## EXERCISE DIRECTIONS
Copy every line of the data exactly, keeping out any picture.

## RECORDED DATA
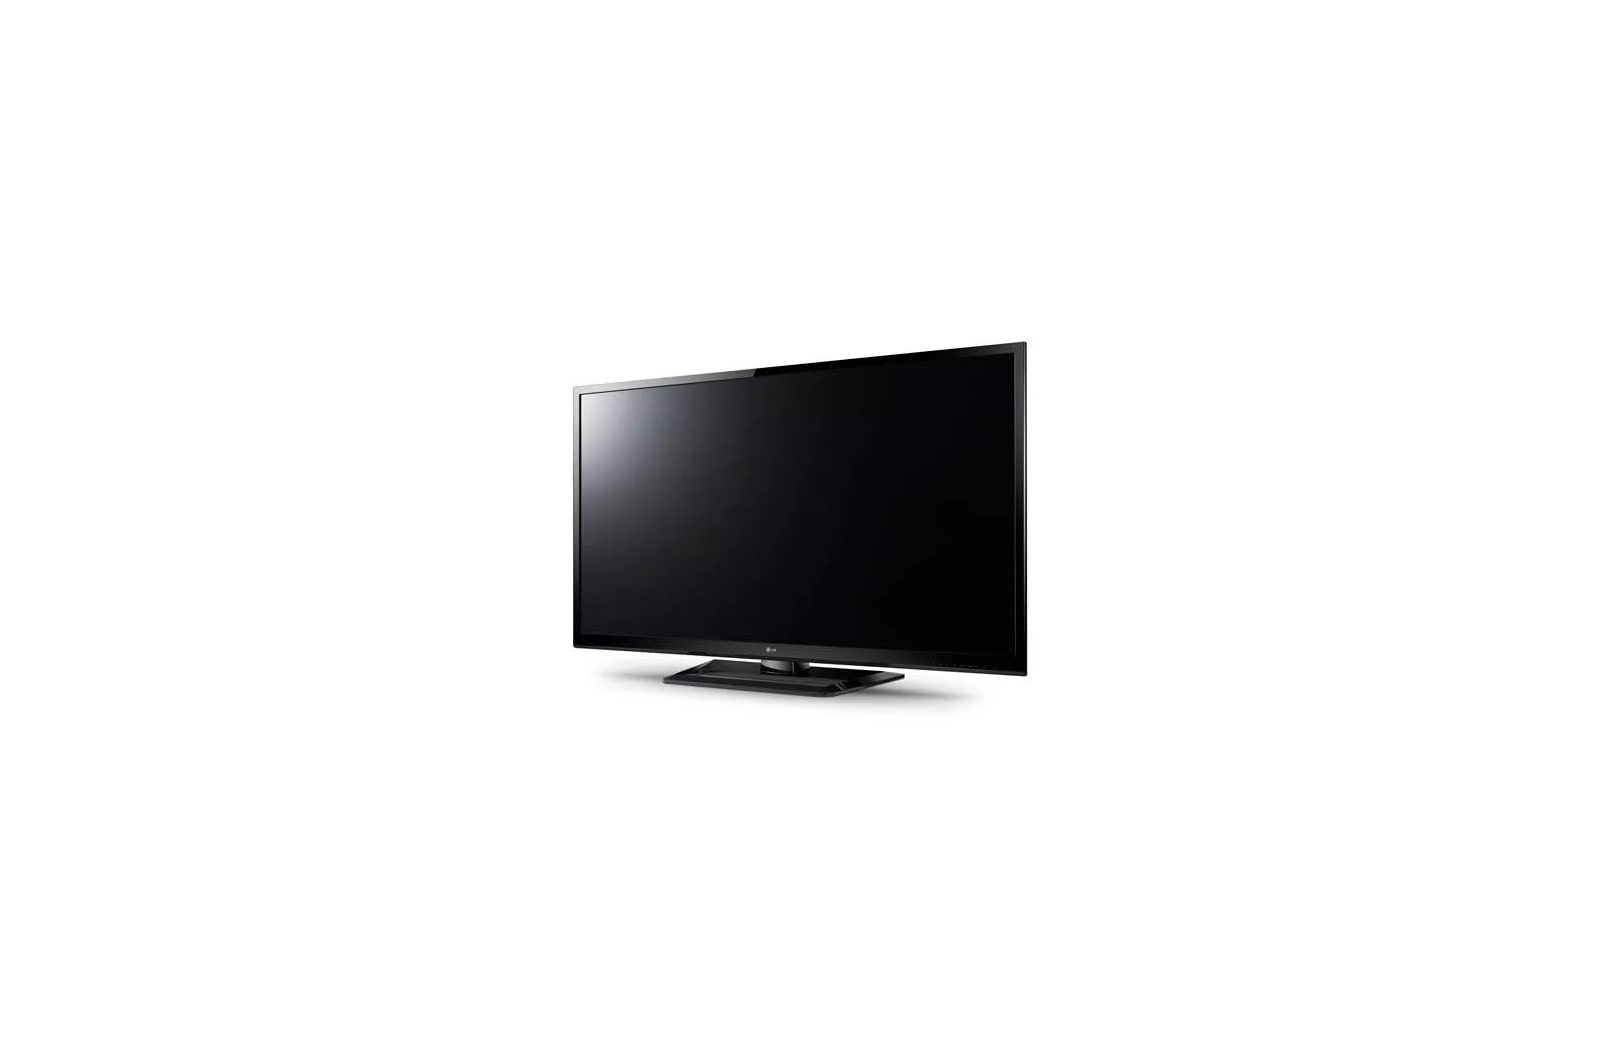 LG TV LCD LED, DLNA, HDTV 1080p, USB 2.0, 120cm (47 pouces)
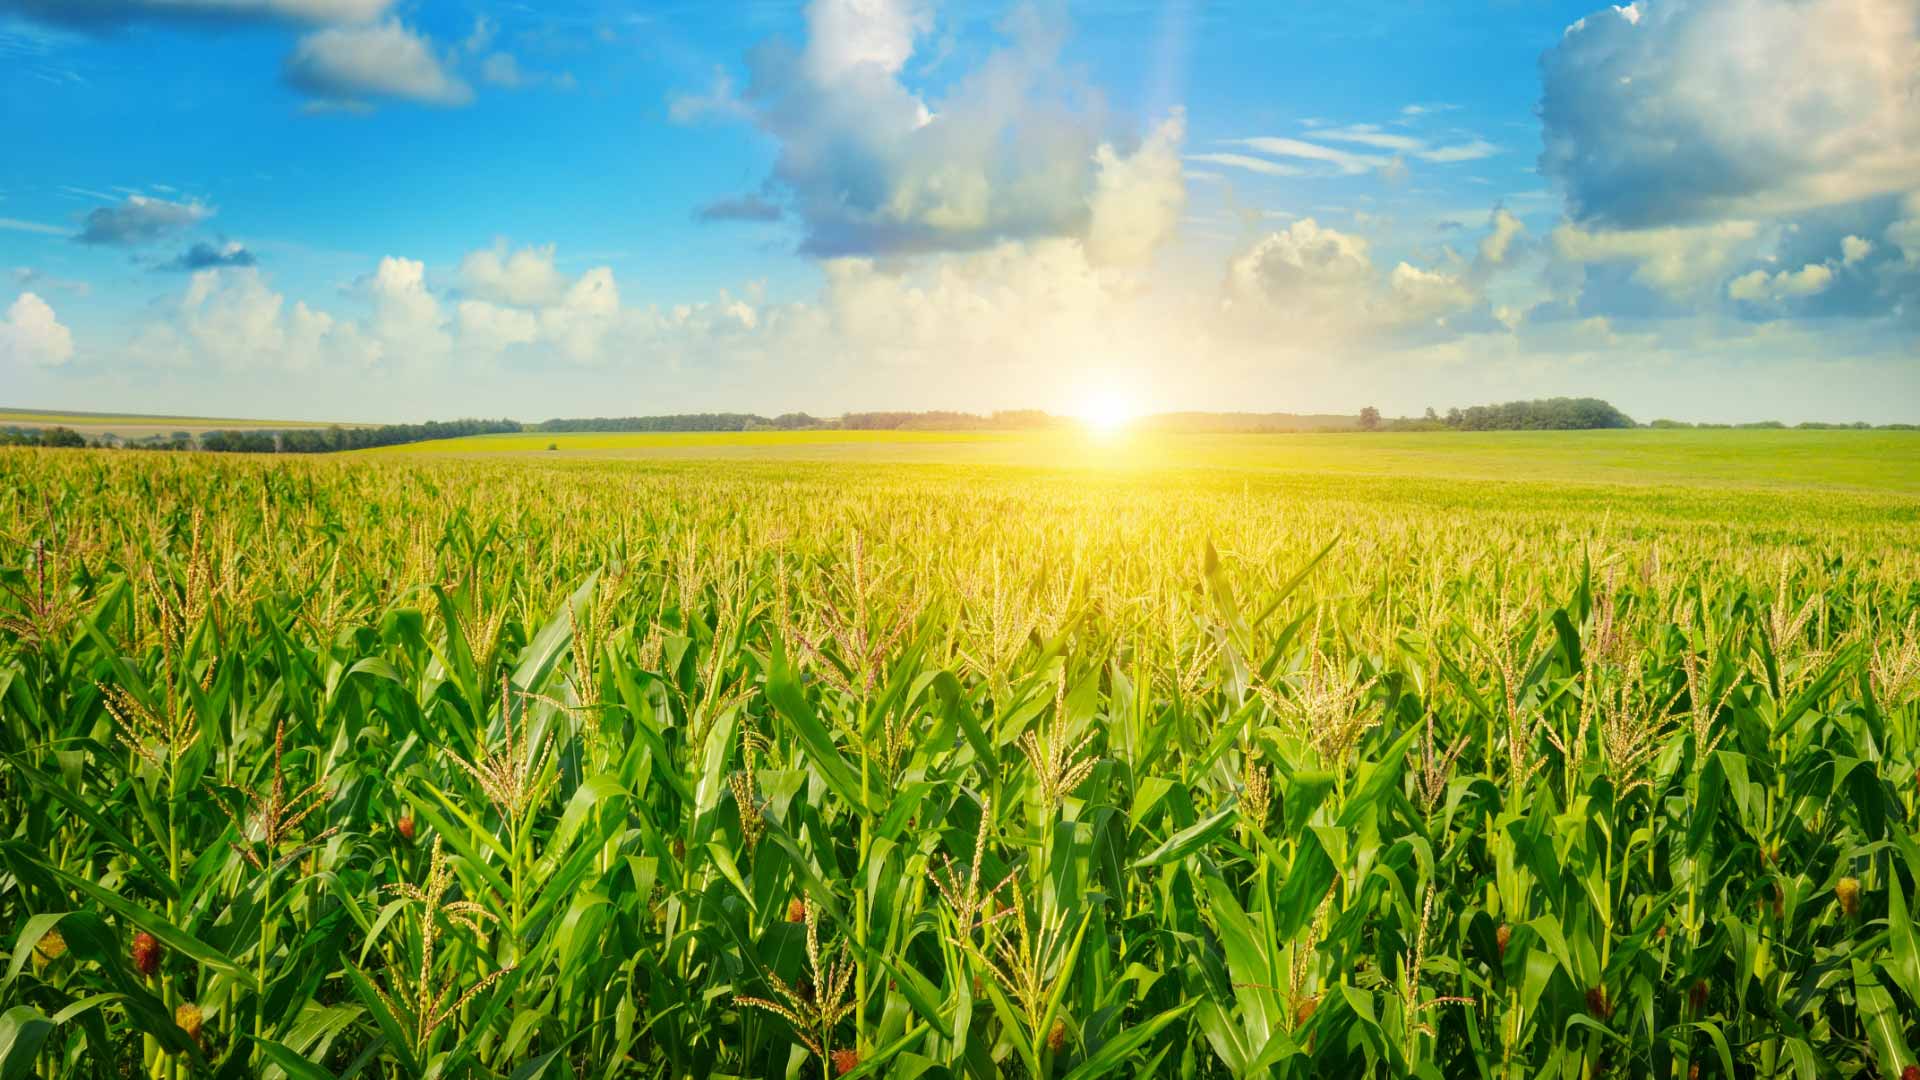 Image show a sunny cornfield
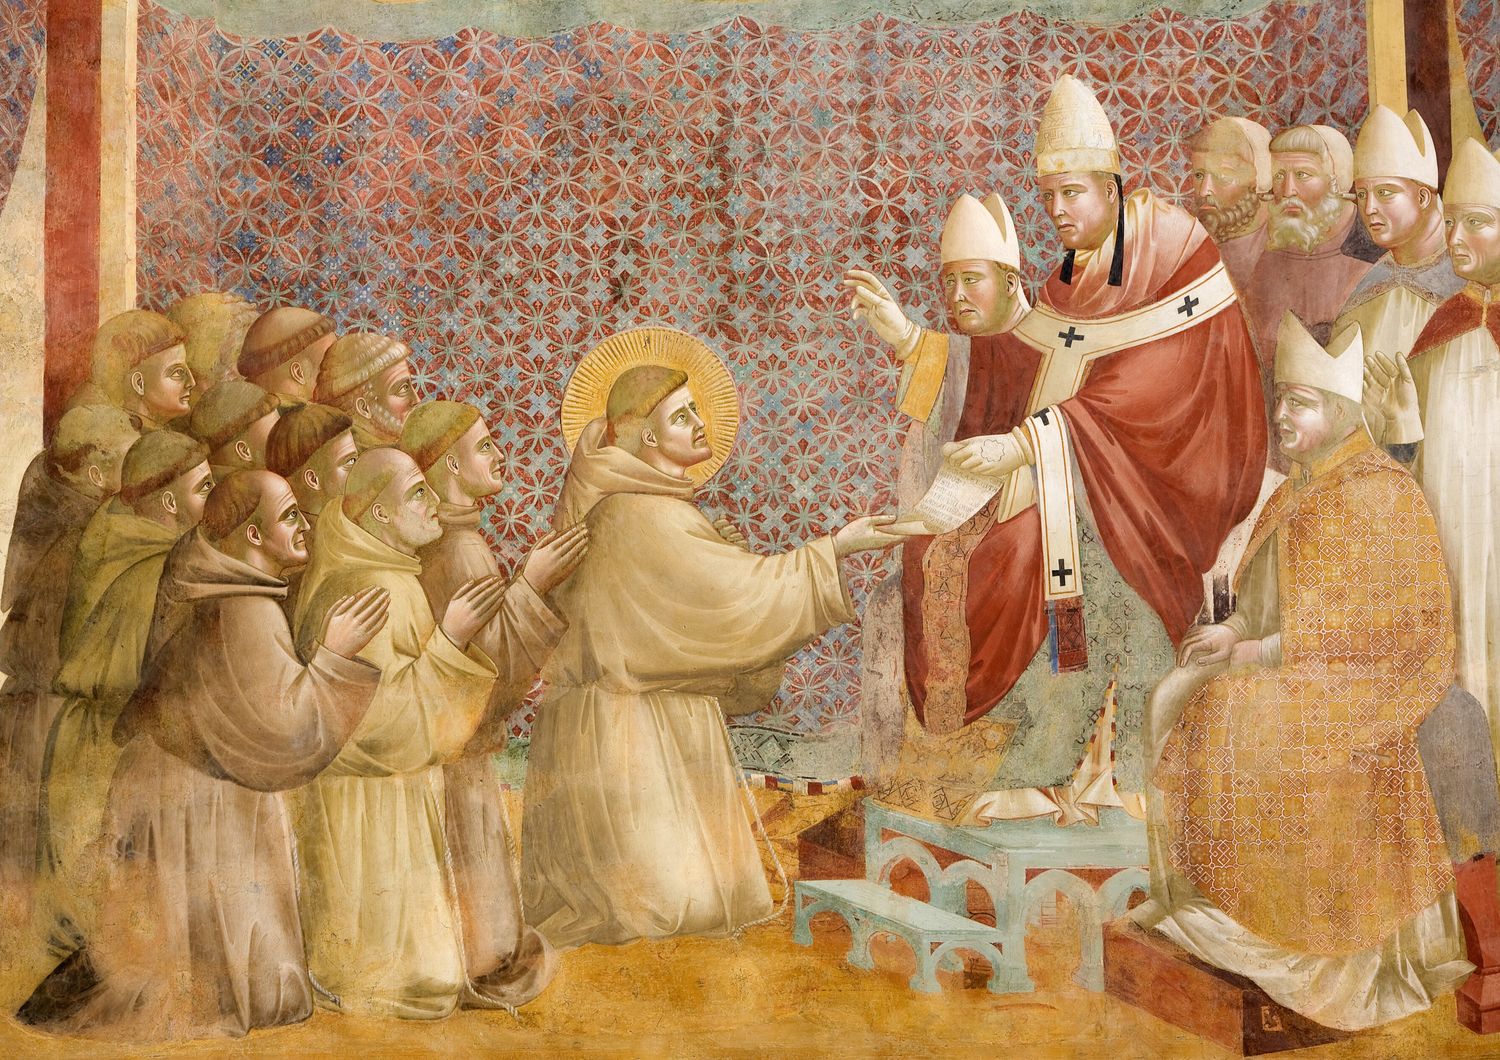 Un dipinto raffigurante San Francesco nella basilica di Assisi dedicata al santo
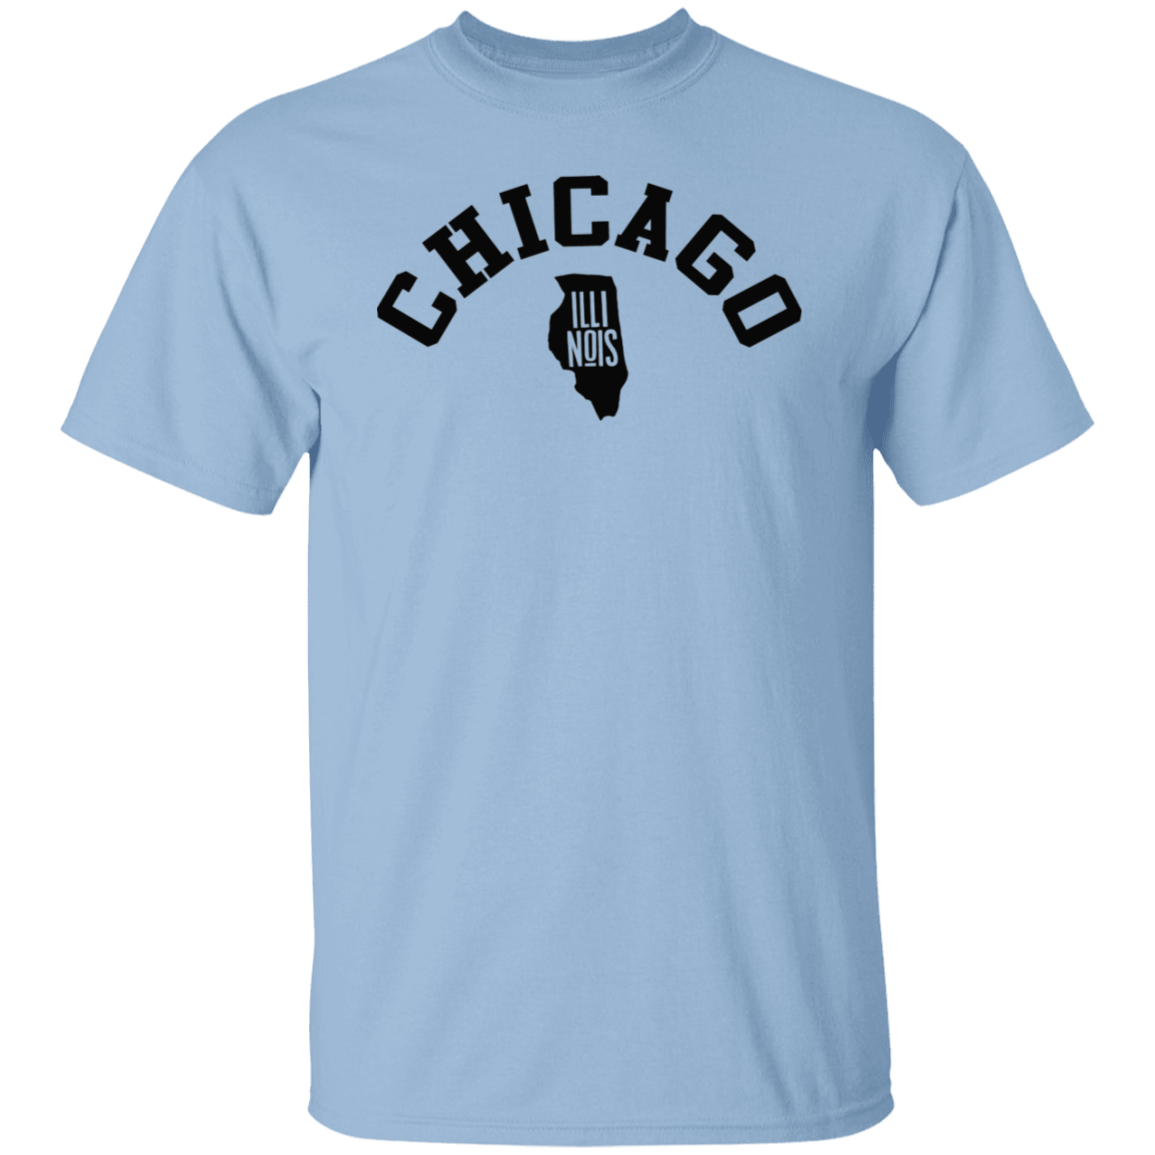 Chicago Illinois Circular Black Print T-Shirt

## OUTPUT BELOW
 LG TV LCD LED, DLNA, HDTV 1080p, USB 2.0, 120cm (47 pouces)
 Image show a sunny cornfield
 Un dipinto raffigurante San Francesco nella basilica di Assisi dedicata al santo
 Chicago Illinois Circular Black Print T-Shirt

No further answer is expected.